I tend to think of my fellow historians as falling into one of two categories: living and dead. My own advisor is living, as are the sort of people I run into at conferences. There are other historians, such as the great golden calf smasher, A. J. P. Taylor, who are deceased and hopefully resting in peace. After a long and profitable career, a historian may gently slip from the former category to the latter. My current rabbi, M. R. D. Foot, was born in 1919 and has produced more books that I have time to read, much less could ever write. Some day he will pass from this life, and though his passing will be mourned, his rest will be well-deserved and unsurprising.

Today, however, I had the unfortunate experience to discover that a young historian, Peter Hart, passed away in July at the much too early age of 46. His work on the Irish Revolution has been of great help to me; just yesterday I was reading The IRA and Its Enemies.
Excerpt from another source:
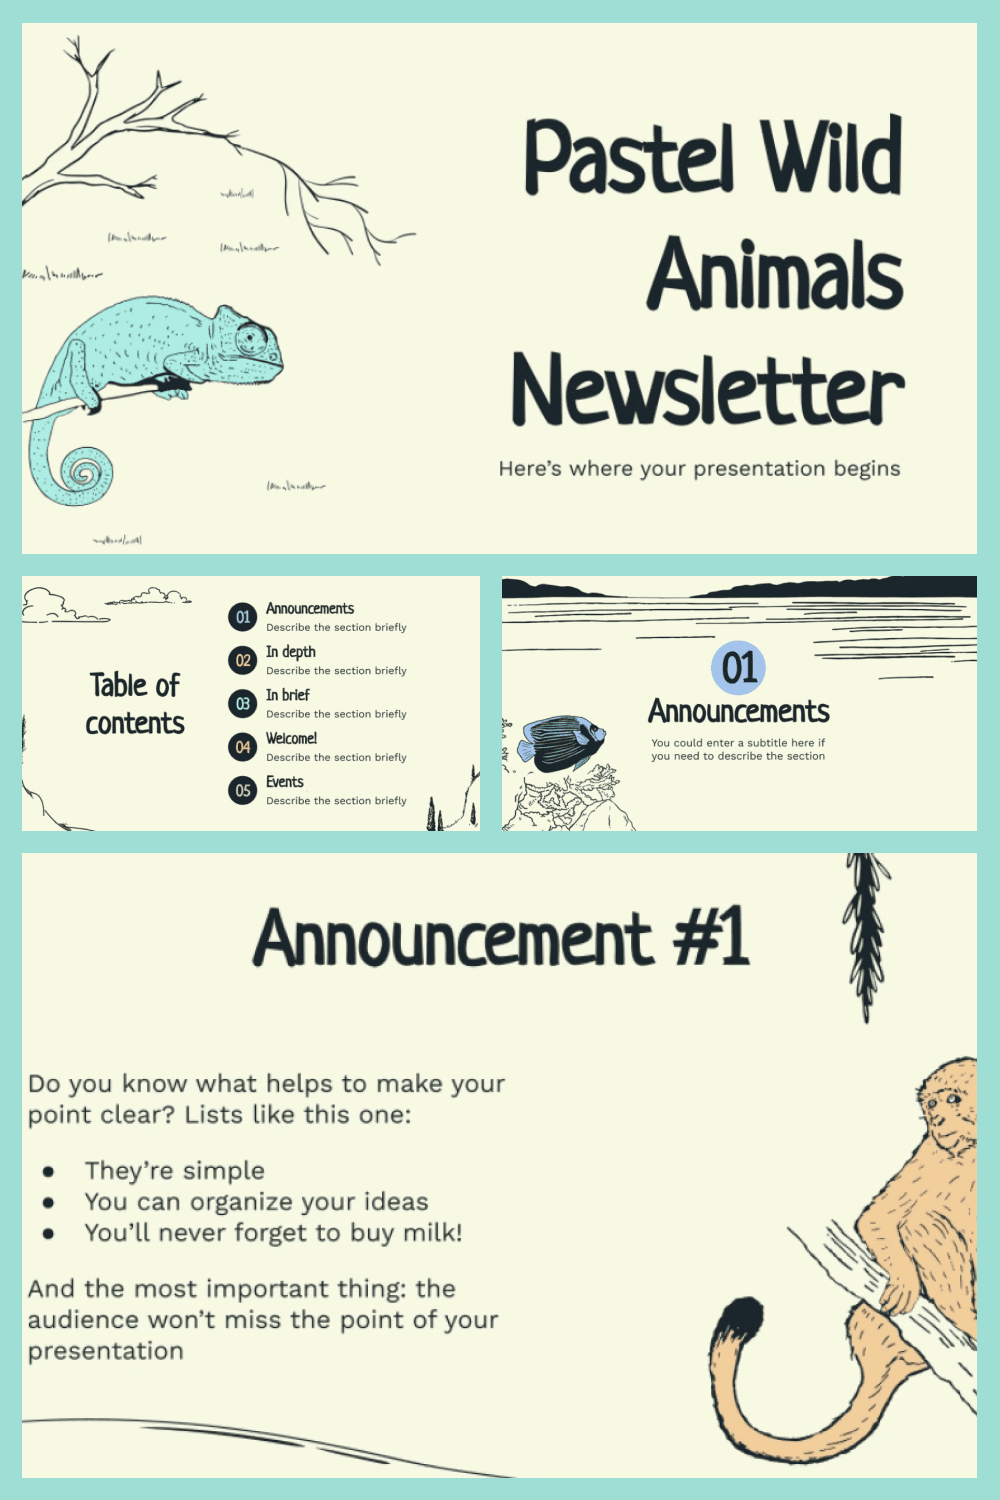 Pastel wild animals newsletter.

One can only hope that his forthcoming work, Guerrilla Days in the UK: Revolution in Ireland and Britain, will still be published.

History is a discipline which rewards longevity. It takes years simply to acquire a PhD, the union card to participate in the dialogue. Even then, archival research and sufficient background material for a major contribution can take decades to collect. Hart's career was already impressive and showed great promise for better still to come. His death is a profound loss for the field. May he rest in peace.

Monday, January 26, 2009

The Year of Revolutions


A. J. P. Taylor, my new rabbi in the field of history, wrote a number of essays about the year of revolutions, 1848, many of them for the hundredth anniversary. (If you have ever heard me say that I am suspicious of dances since 1848, that would be a comment upon the relative merits of the Congress of Vienna in 1815 – when the Viennese waltz was at the height of its craze – and the revolutions of 1848. But I digress.) Should I teach a European history course some day, a passage like the following would do much to clarify the significance of the year within a broader historical framework:

Eighteen forty-eight was the link between the centuries: it carried to the highest point the eighteenth-century belief in the perfectibility of man, yet, all unexpectedly, launched the social and national conflicts which ravaged Europe a century later. Socialism and nationalism, as mass forces, were both the product of 1848. The revolutions determined the character of every country in Europe (except Belgium) from the Pyrenees to the frontiers of the Russian and Turkish empires; and these countries have since shown common characteristics not shared by England, Russia, the Balkans, or Scandinavia. Politically speaking, a 'European' is an heir of 1848.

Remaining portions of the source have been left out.